And there are cases in which the non-musical symbols become completely detached from even the memory of a raw musical experience and in instead fucntion alone in a non-musical cultural discourse with it’s own logic and force. For example, I can think back to high school when sharing band names like Radiohead and Modest Mouse was an authentic way to relate emotionally and intellectually about music through non-musical symbols, but in other cases in which sharing those names was simply a means of inserting oneself into a particular subculture. Being a fan of Radiohead didn’t necessarily mean that you liked Radiohead or even listened to Radiohead, but rather functioned as a taste preference as cultural capital in the small social universes in which Radiohead was an acceptable band to listen to.

Thinking of our relationship to non-musical symbolic representations of music in the absence of raw musical experience opens up a whole new layer of studying and understanding how we relate to music. It is in this layer of understanding that I wrote my last article (forthcoming in Music and the Arts in Action), an ethnography of women musicians in Tampa, FL, which spoke of musical abilities and special knowledge as cultural capital that enables some people to play in particular musical settings and disables others (particularly along gender lines). In short I argued that women often lack the special musical knowledge, both of popular music history, improvisation, and playing by ear, necessary for playing in popular music groups, and that even when they do have this knowledge they experience certain forms of discrimination as women, for having a female gendered body serves as an indicator for lacking special knowledge. And furthermore being a woman in many cases also provokes a number of other negative stereotypes, like that women are supposed be especially sexually provocative as performers, visually appealing but musically peripheral.

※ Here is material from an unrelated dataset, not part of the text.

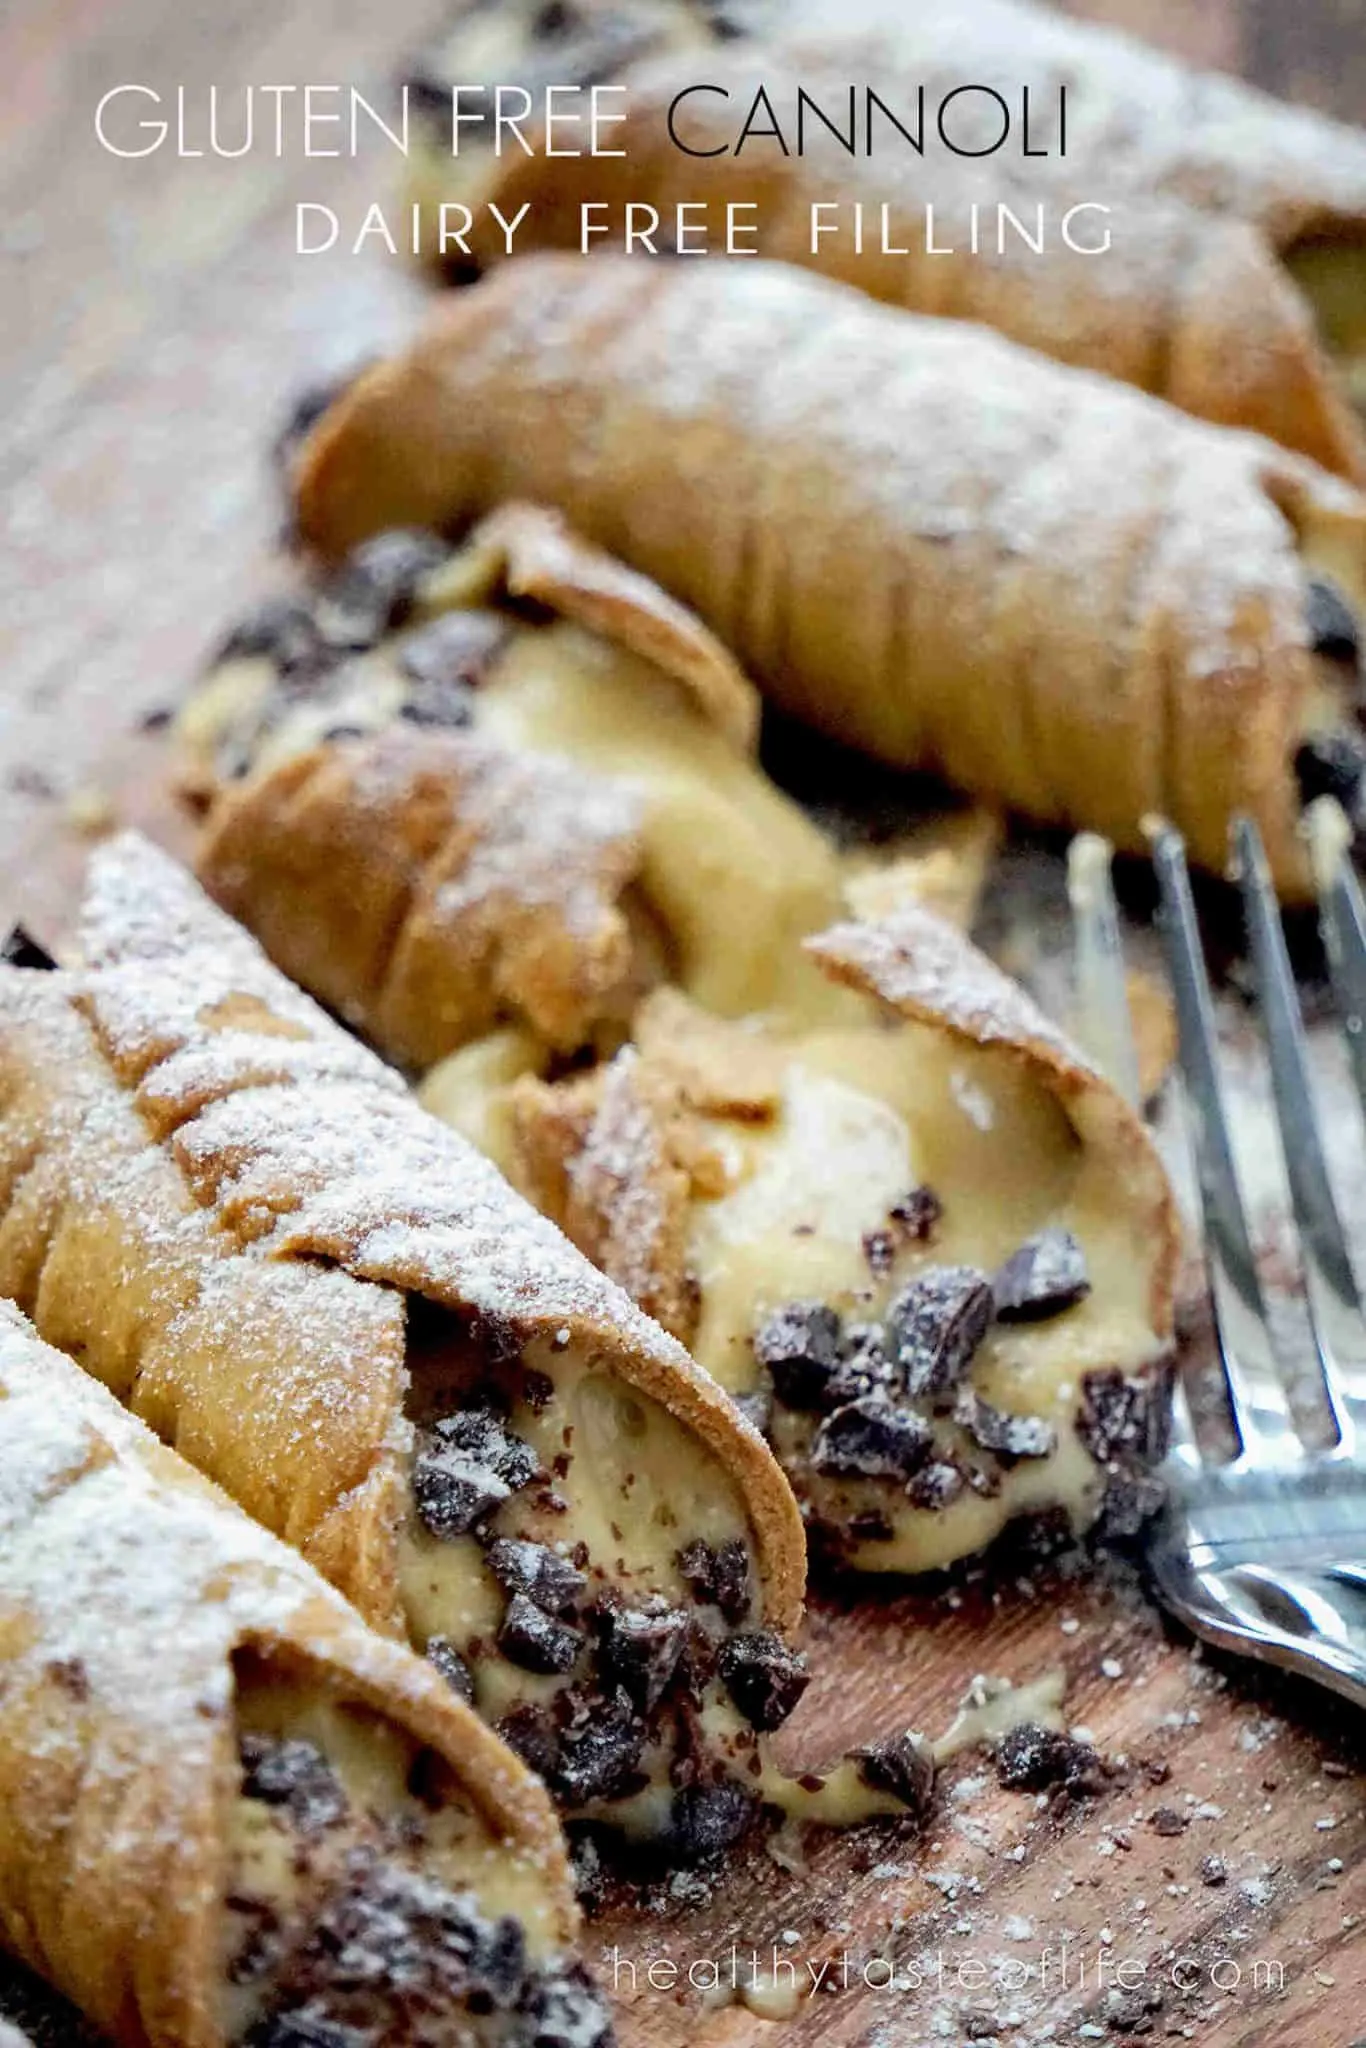 Gluten Free Cannoli Recipe - A Gluten free, dairy free and refined sugar free dessert perfect for Holiday parties including Christmas. Great for kids too!

In my article I showed how musical skills and musical knowledge hold symbolic significance above and beyond their direct relationship to the raw experience of creating and listening to music insofar as having or lacking that knowledge can determine a person’s life chances when it comes to playing music in a group or not playing music in a group. Thinking of how a set of skills functions on the plane of symbolic representation of music is a little trickier than thinking through the example of ‘Radiohead.’ But think of this illustration: I have skills as a popular music piano player, which means mostly playing by ear and being able to read chord changes, that enables me to play in groups like Ser Música’ and to have raw musical experiences of playing and performing and connecting with those women. But in the absence of actually playing, it is those skills that enabled me to be in that social situation in the first place. Having particular musical skills can function as a kind of extra-musical cultural capital that implies raw musical experience but does not operate within the realm of raw musical experience. In this case, the skills I have to play music in a raw musical experience get transformed into a non-musical symbol (cultural capital) that functions in the absence of actually playing music, much like ‘Radiohead’ is a symbol that functions in the absence of singing Karma Police.

And there are many others discussions about non-musical symbolic representations of music, especially when it comes to thinking of music as a commodity that is produced, bought and sold on a capitalist market. Here is where studies that look into people’s music listening and buying trends according to a variety of social factors, like age, class, gender, sexual orientation and geographic location come into play. Books like ‘Popular Music in Theory’ by Keith Negus, which is full of theories on how the music industry creates musical products and how the popular song structure and genres were first crafted by radio stations, understand our relationship to music on this level of music as a non-musical cultural symbol and not a raw musical experience.

The music industry, which turns both music and the musicians that make the music into commodities that can be replicated and distributed, either in the form of recordings and videos or traveling live shows, is always, at least peripherally, part of the consciousness of the artist I have been interviewing here in Lima. Some explicitly want to ‘make it’ in the music industry, having their music and their non-musical symbols (name, images) reach an amply wide audience, and others explicitly define themselves in contrast to wanting this, saying instead that they aren’t seeking fame or fortune but rather the opportunity to just keep playing music for as long as possible. For some the desire to ‘make it’ is actually seen as a negative thing, getting in the way of the more genuine raw musical experience and placing the emphasis too heavily on self-centered capitalist desires.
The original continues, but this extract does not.